- Born: January 7, 1963 (age 63)
- Education: Shanghai International Studies University; Cardiff University
- Occupation: Television executive
- Employer: China Central Television
- Title: Director, CCTV Sports Centre
- Political party: Chinese Communist Party

= Jiang Heping =

Chinese television executive

Senior Editor Jiang Heping (江和平 (Jiāng Hépíng)) is a prominent executive at China Central Television (CCTV), the state broadcaster of the People's Republic of China. He is responsible for sport coverage in his roles as Executive Director of the CCTV Sports Programming Centre and Controller of CCTV-5, its national sports channel, and played a key role in the broadcasting of the 2008 Summer Olympics in Beijing.

==Career==
Senior Editor Jiang was born on January 7, 1963, in Tongchen, Anhui province. Jiang studied English language and international journalism at Shanghai International Studies University. He graduated in July 1987. Jiang is a member of the Chinese Communist Party. He was assigned to work at CCTV's International News Division, rising to become deputy editor and editor from 1990 to 1996. He introduced new programming, including the division's first live news bulletins. In February 1996 he was appointed deputy director of the News Department, and was permitted to take an MA in Journalism at the University of Wales, Cardiff from September 1996 to September 1997, funded by the British government. He moved to become deputy director of the Foreign Language News Department in 1998, and was promoted to director in May 2000. In this role, he oversaw the launch of CCTV-9. In April 2003, he became deputy head of CCTV's Overseas Service and Controller of CCTV-9. He oversaw a relaunch of this channel, the launch of a new French/Spanish channel (CCTV-E&F) and increased availability of CCTV services in North America (Great Wall TV).
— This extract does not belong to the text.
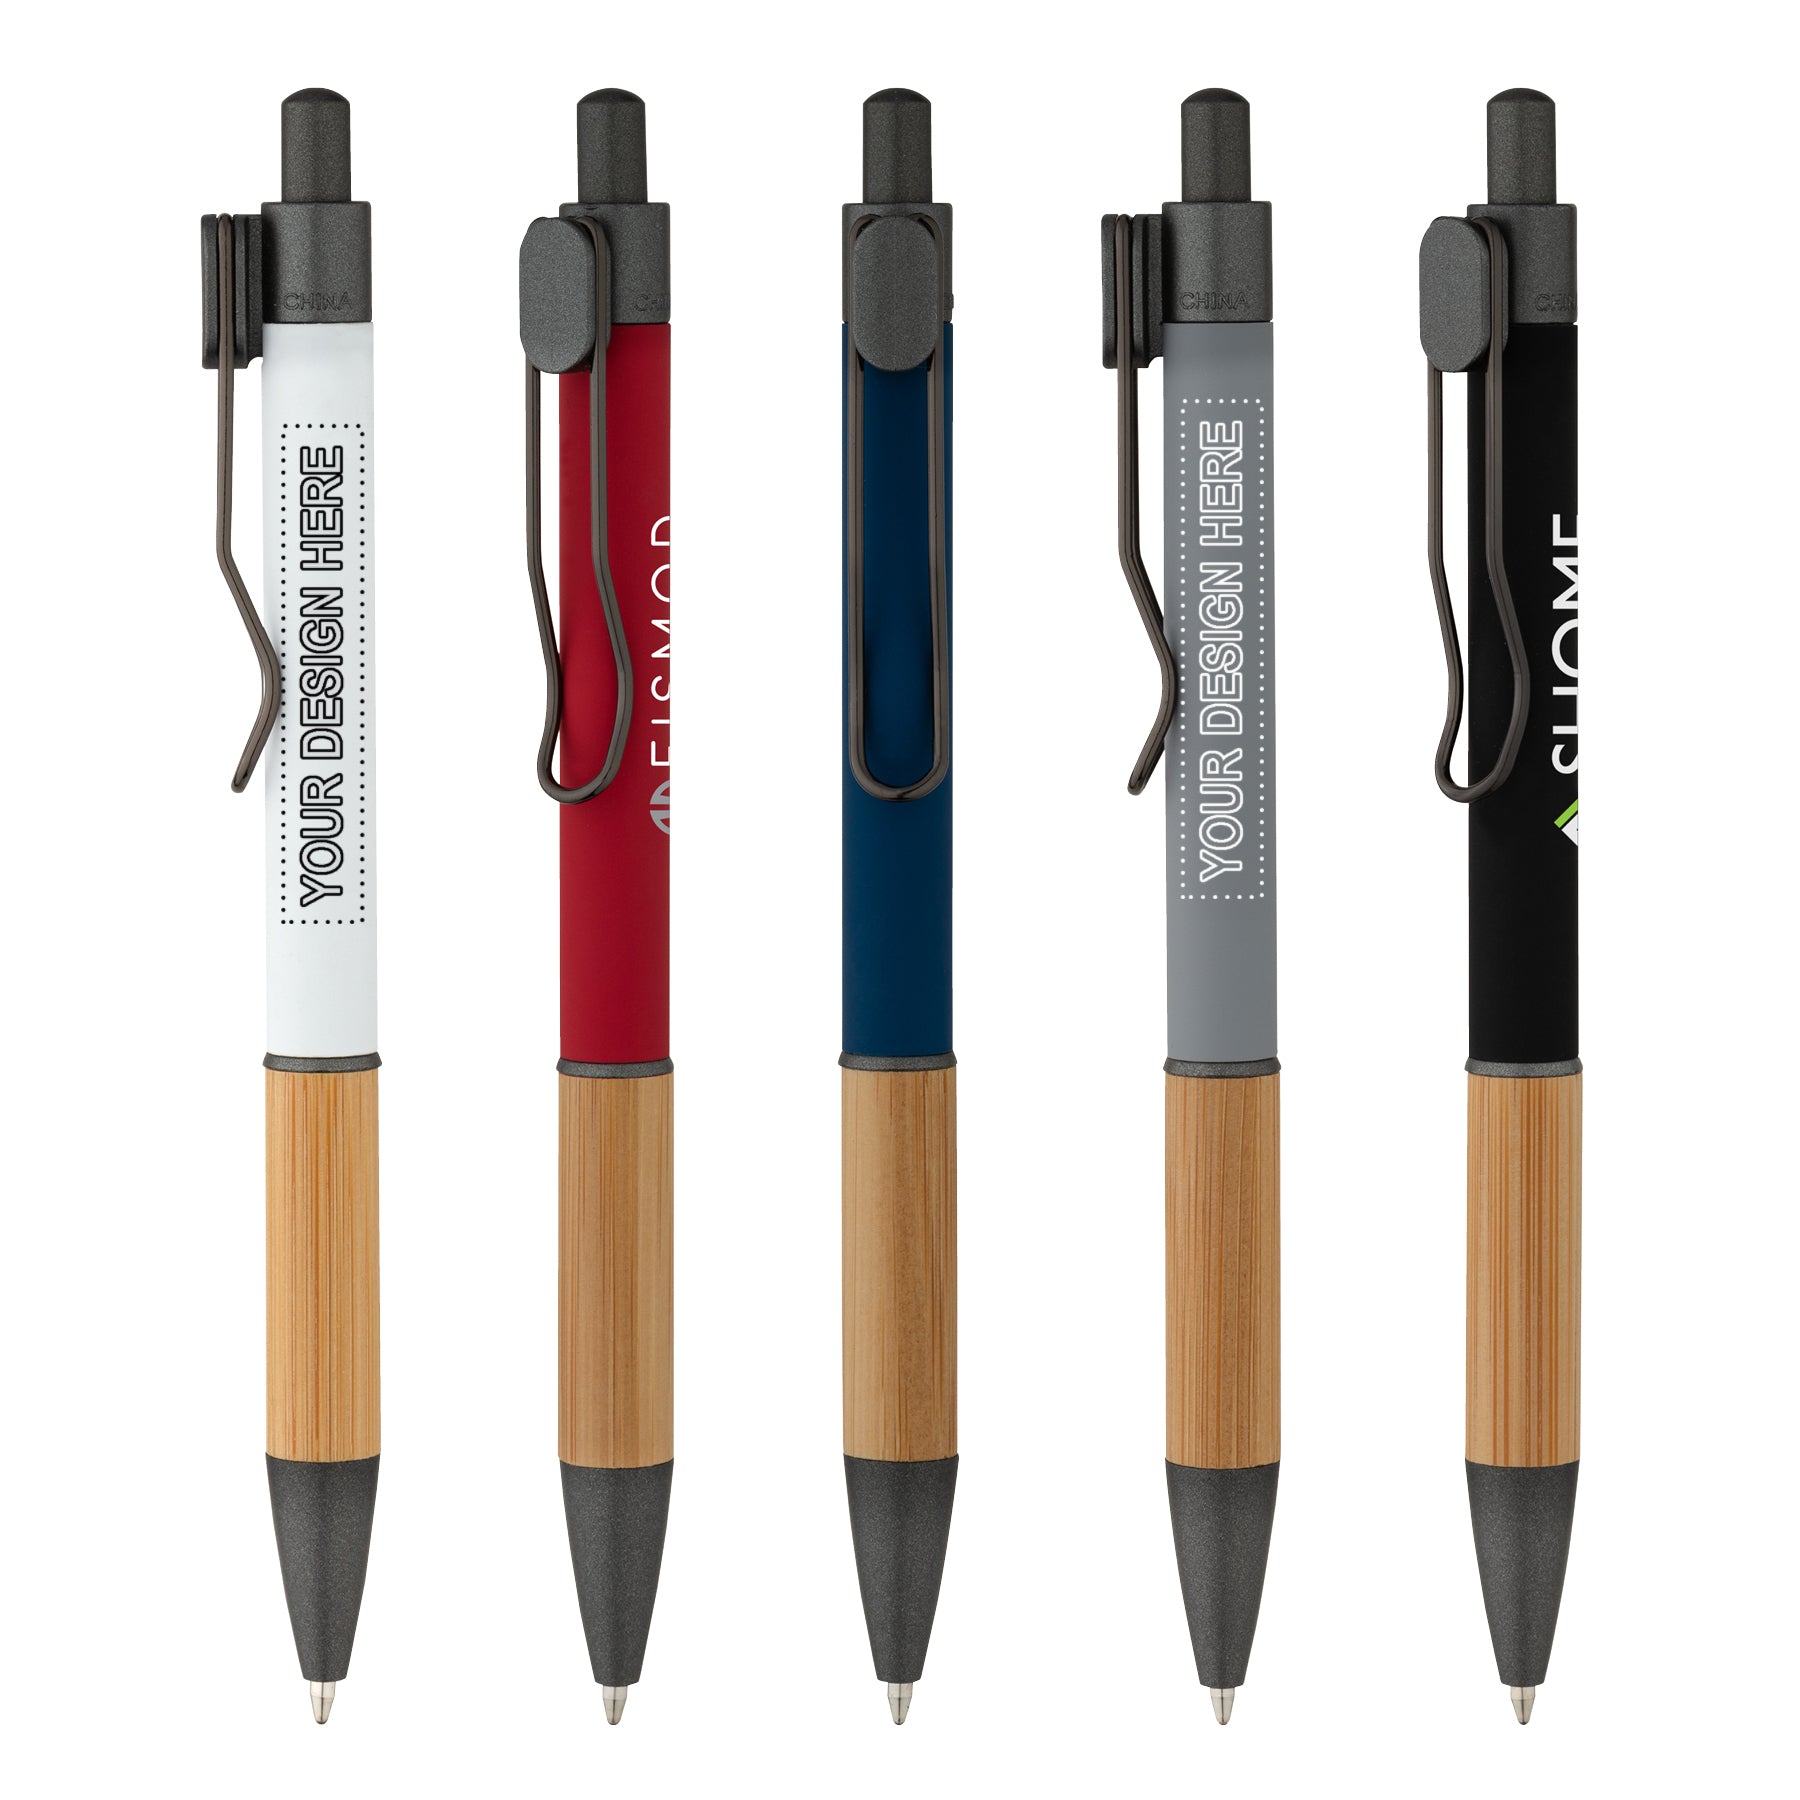 Customized manoa ballpoint bamboo pen variety of colors.

In May 2005, he became deputy director and acting director of the CCTV Sports Programming Centre. Six months later his appointment as director was confirmed, and in July 2006 he took over direct responsibility for CCTV-5. During the 2006 football World Cup, he was involved in the Huang Jianxiang controversy. Since then, he has been reshaping the channel in preparation for the 2008 Summer Olympics.

==Publications==
- Jiang Heping (2005). "Asia Media Summit 2005: Promoting Peace and Prosperity in a Globalised World"

==Sources==
- Matthew Forney (2004). "Raising the Bar in Beijing". The article describes CCTV-9 under Jiang's leadership.